→ Work to complete
Once the images are removed, set down everything else in the listing below exactly.

→ Stored data

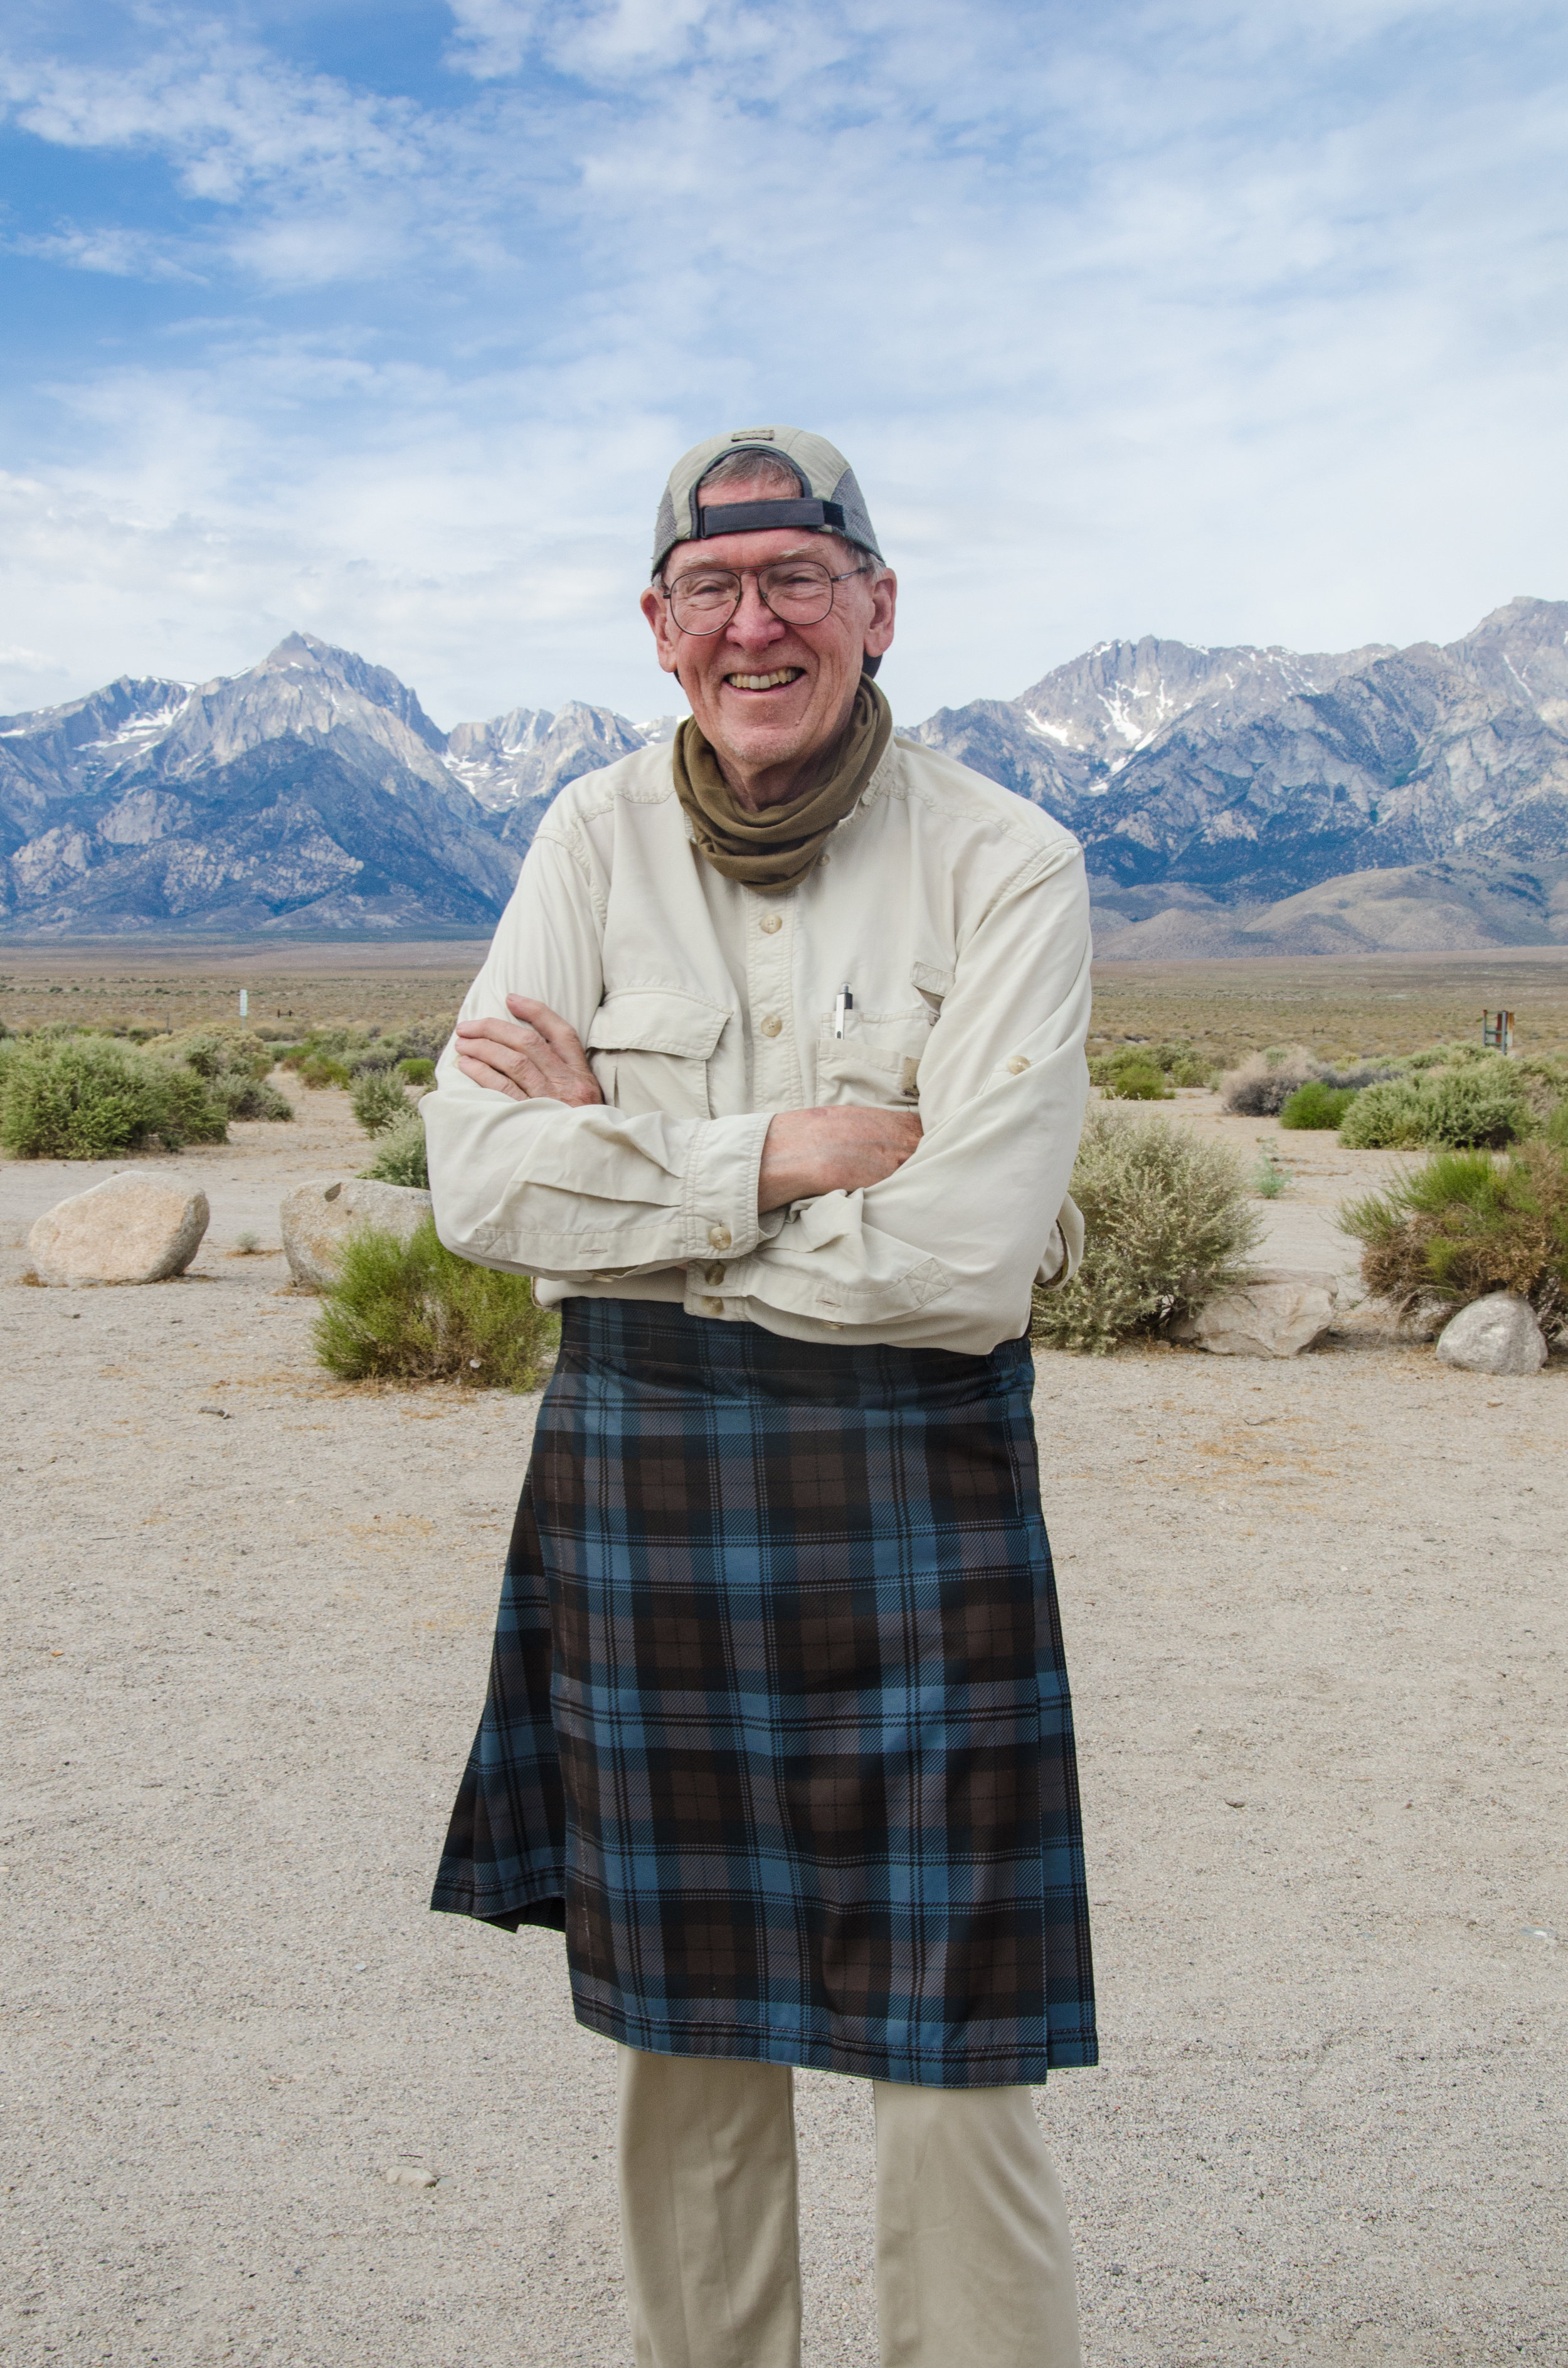 Author of the Annual JMT hiker Survey, John Ladd
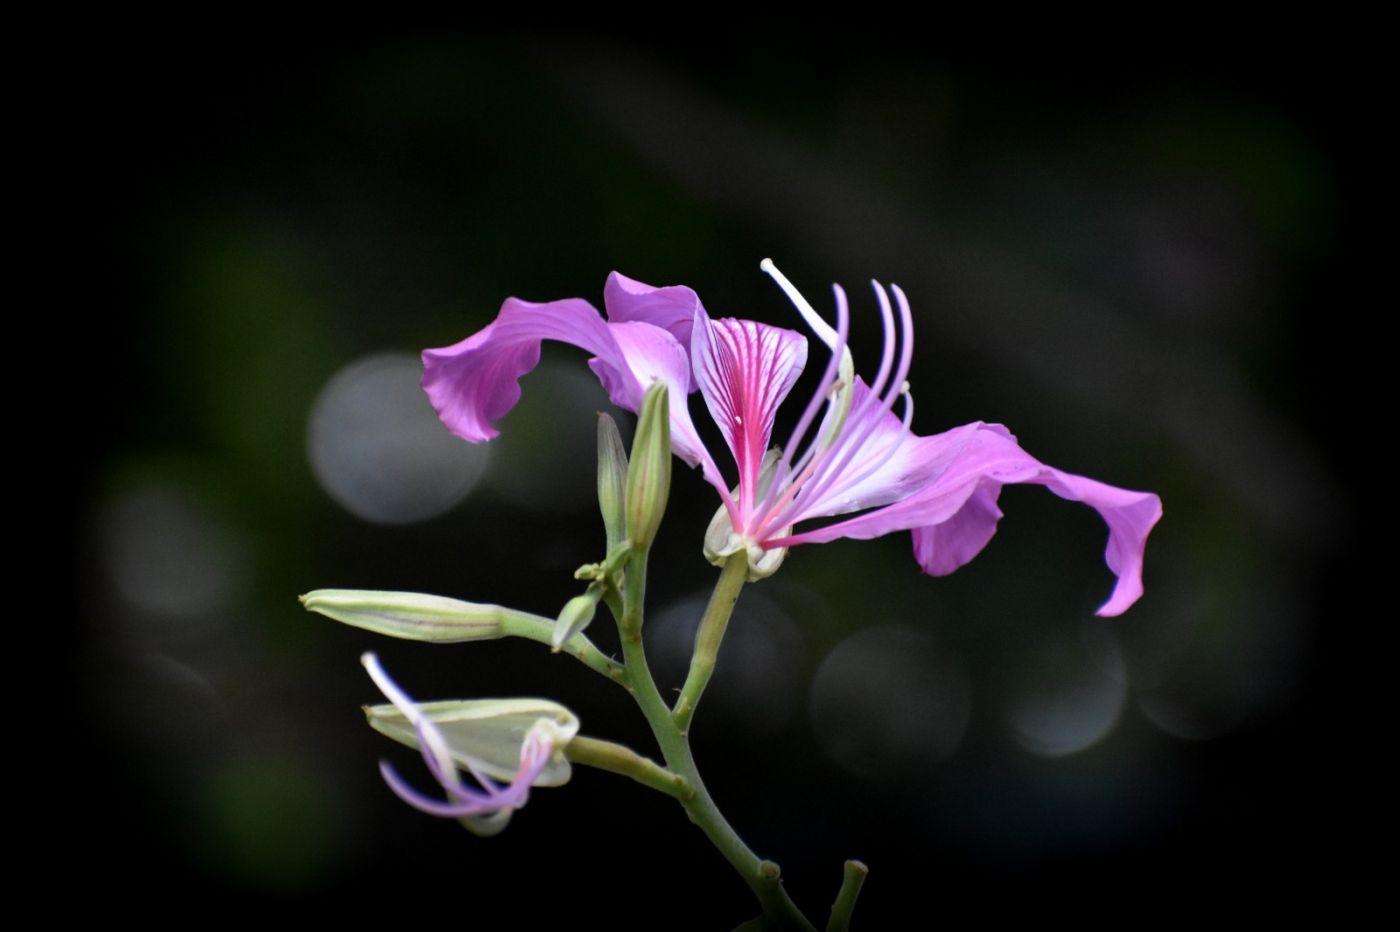 红花羊蹄甲_图1-5
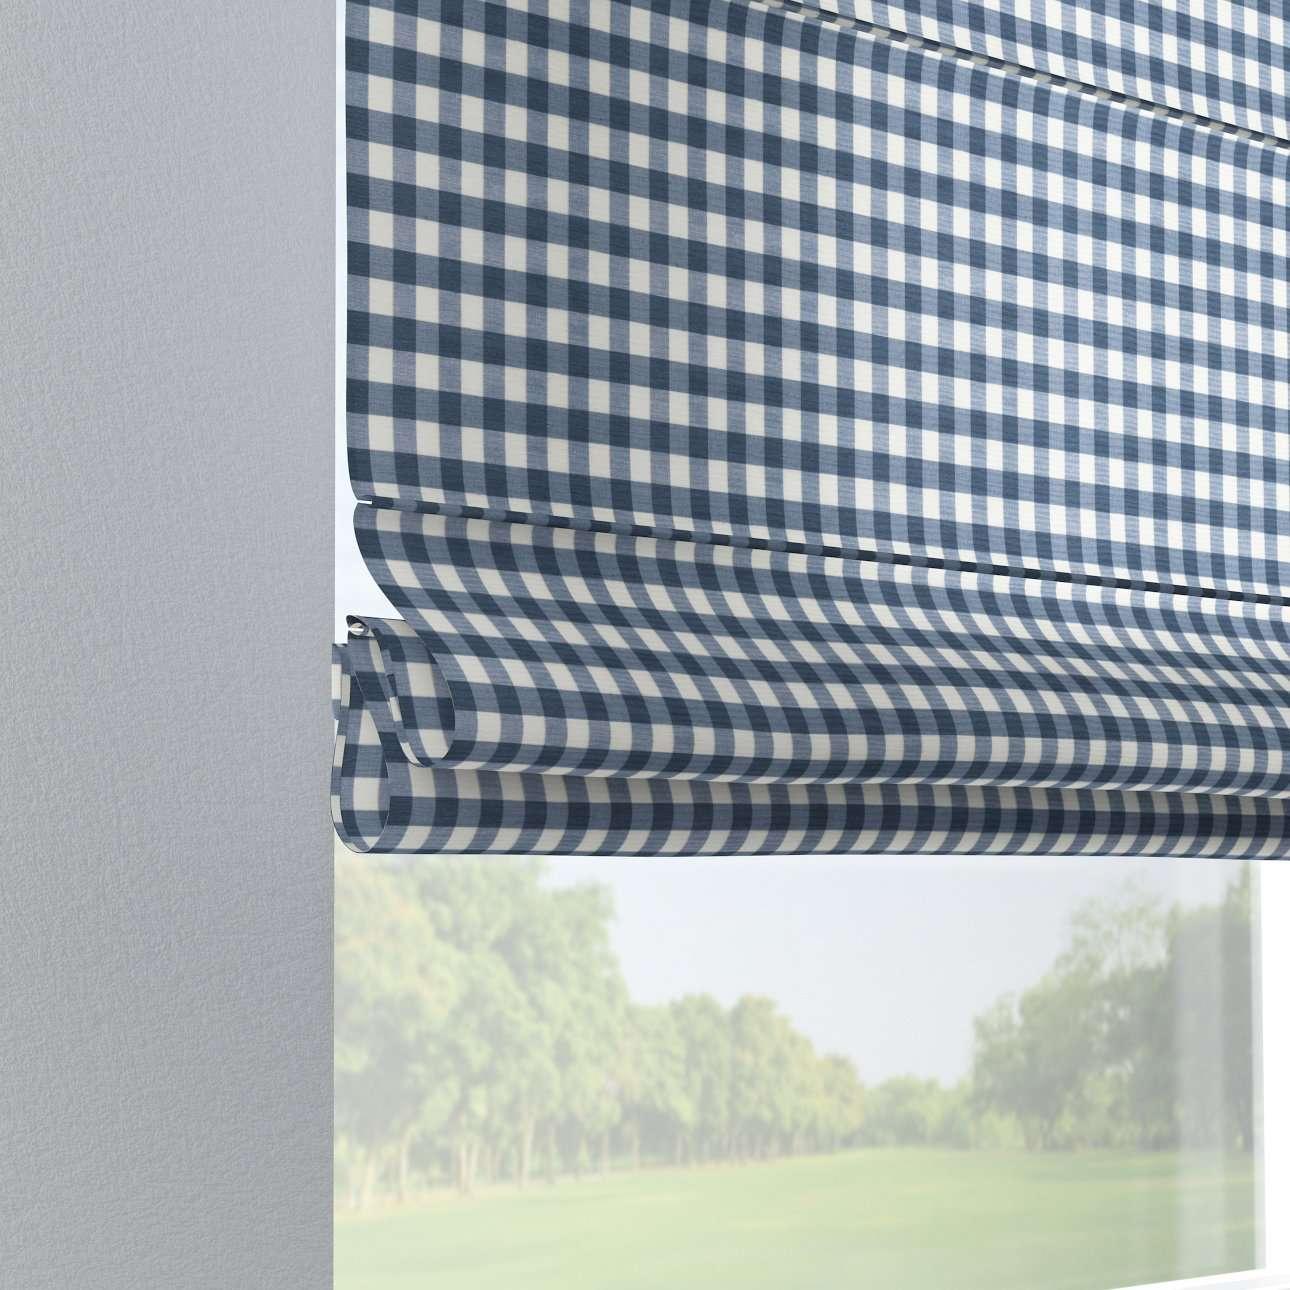 Raffrollo Verona 80 x 170 cm von der Kollektion Quadro, Stoff: 136-01

→ Task result
 Author of the Annual JMT hiker Survey, John Ladd
 红花羊蹄甲_图1-5
 Raffrollo Verona 80 x 170 cm von der Kollektion Quadro, Stoff: 136-01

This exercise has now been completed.